Linear Regression
Linear Regression is the first algorithm when I start to learn machine learning. Before machine learning, I have got in touch with it in statistics. In my memory, linear regression is very simple. And the most important thing is Least Mean Square(hereinafter LMS). But why using LMS to calculate linear regression model? Now we will explore this.
Construct the problem
Given the sample\(X\in R_{m \times n}\) (we always use column vector to represent sample data), \(Y\in R_{1 \times n}\). Suppose \(x\) and \(y\)has the linear relationship, we need to get the model’s parameters \(W \in R_{m \times 1}\). Except that, we would give a \(bias\). So the model would be: \[ Y = W^{T} * X + bias \] For simplicity, we could extend \(X\) to \(R_{m+1 \times n}\). The last row are all 1. Then extend \(W\) to \(R_{m+1 \times n}\), the \(bias\) could be merged to \(W\). Now the model becomes: \[ Y = W^{T} * X \] An the problem is to calculate the unknown item \(W\)
Theory Analysis
Above we have constructed the problem, due to the sample data always more than parameters. So we cannot get a unique result. But we could use optimization to approximate the result: \[ Y^{‘} = W^{T} * X \] , where \[ Y^{‘} \approx Y \] Now the LSM occurred, define\(L = \frac{1}{2} * (Y^{‘} - Y)^2\) , and minimize \(L\) could make \(Y^{'}\) approximates to \(Y\) . The optimization problem is: \(min(L)\).
Statistical Explanation
From statistical point of view, suppose\(y = y^{‘} + \epsilon\), where \(\epsilon\) is the error. In statistic, we define error is Gaussian distribution, by normalization we could get:\(\epsilon \sim N(0,\delta)\) . So, \[ p(\epsilon|W,x) = \frac{1}{\sqrt{2\pi}\delta} \exp(-\frac{\epsilon^2}{2\delta^2}) = \frac{1}{\sqrt{2\pi}\delta} \exp(-\frac{(y-W^Tx)^2}{2\delta^2}) \] For point \(i\), \(p(ϵ(i)|W,x(i))=p(y(i)|W,x(i))\), so the likelihood function: \[ L(W) = \prod_{i=1}^{n} p(y^{(i)} | W, x^{(i)}) \]

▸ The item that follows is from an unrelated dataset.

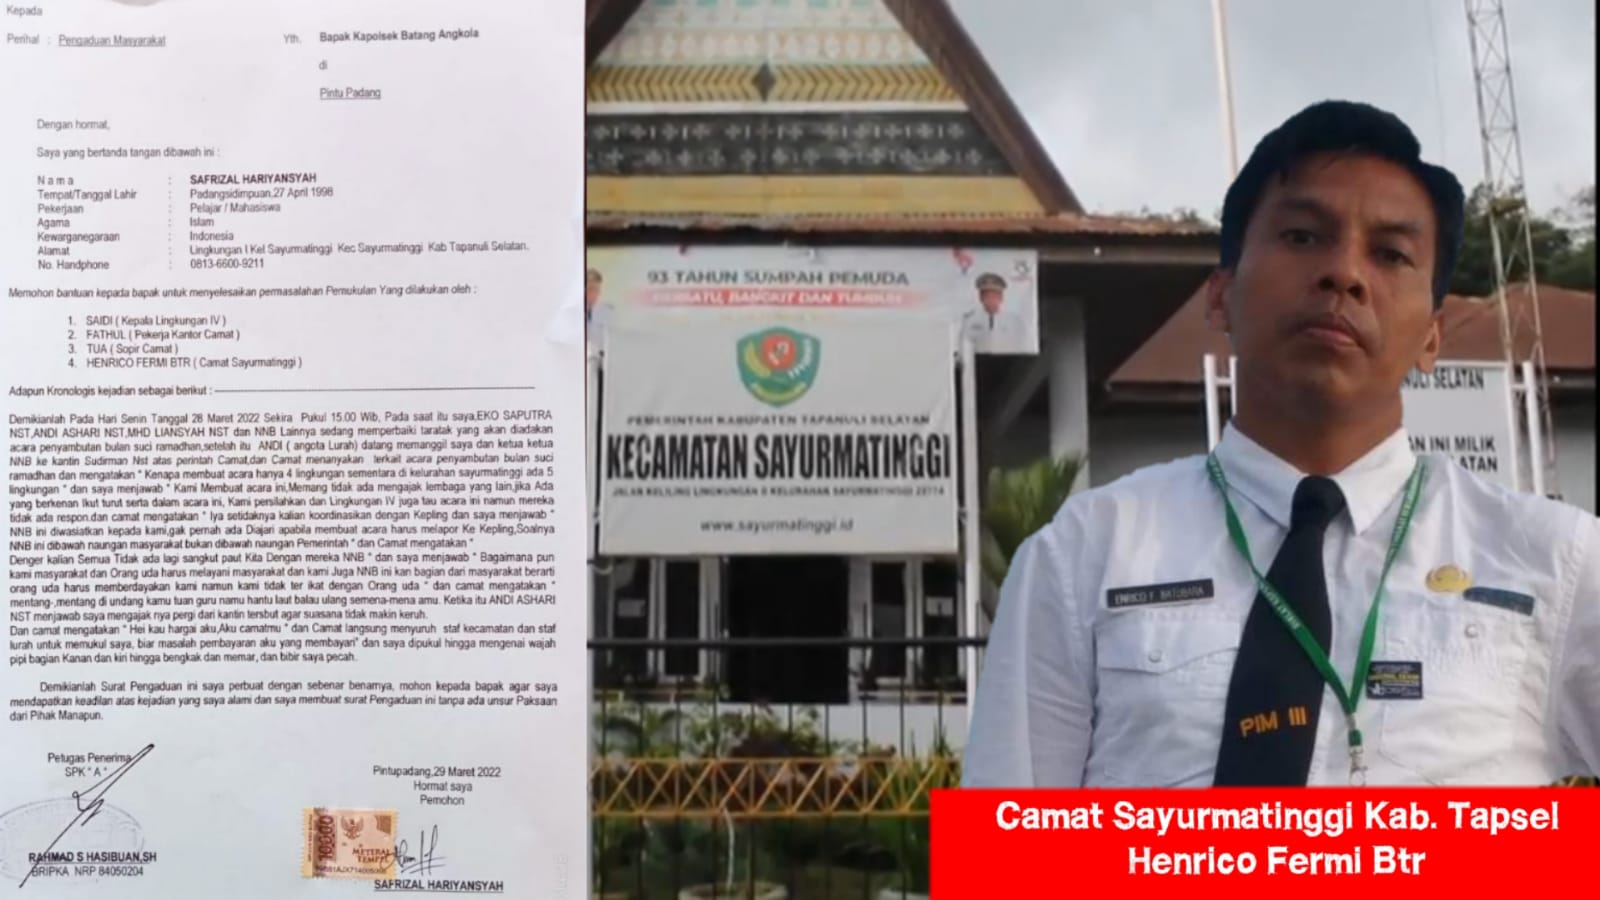 Staf Kantor Camat Diduga Aniaya Panitia Bulan Ramadhan, Kini Dilapor ke Polisi

\[ \log{L(W)} = \sum_{i=1}^m p(y^{(i)} | x^{(i)},W) = -m\log{\sqrt{2\pi}\delta} - \sum_{i=1}^m \frac{(y^{(i)} - W^Tx^{(i)})^2}{2\delta^2} \]
According to max likelihood approximation: \[ obj = max(\log L(W)) \] so as to, \[ obj = \min{(\sum_{i=1}^m (y^{(i)} - W^Tx^{(i)})^2)} \] This is the same as Least Mean Square.
Solve the Optimization Problem
In optimization, the gradient decent is the most common used algorithm. It just like people to find a fastest way to get down a hillside. This person would stop to try every directions around him. If one way led to the fastest down way at current location, he would choose it. He would repeat above methods until arrived the destination.
OK. In math, gradient is the fastest rising direction. So we could use negative gradient as the fasted decrease direction. At each step, we compute the gradient of the objective function. Then update the unknown parameters as: \[ W = W - \eta * gradient(obj) \] In detail, for the j-th parameter \(W_j\) of \(W\) , the update rule is: \[ W_j = W_j - \eta * \frac{\partial(obj)}{\partial(x_j^{(i)})} \]
\[ W_j = W_j - \eta * (W^TX^{(i)} - y^{(i)})x^{(i)}_j \]
For all sample data, the update rule is to sum all the gradient: \[ W_j = W_j - \sum_{i=1}^{n}\eta * (W^TX^{(i)} - y^{(i)})x^{(i)}_j \]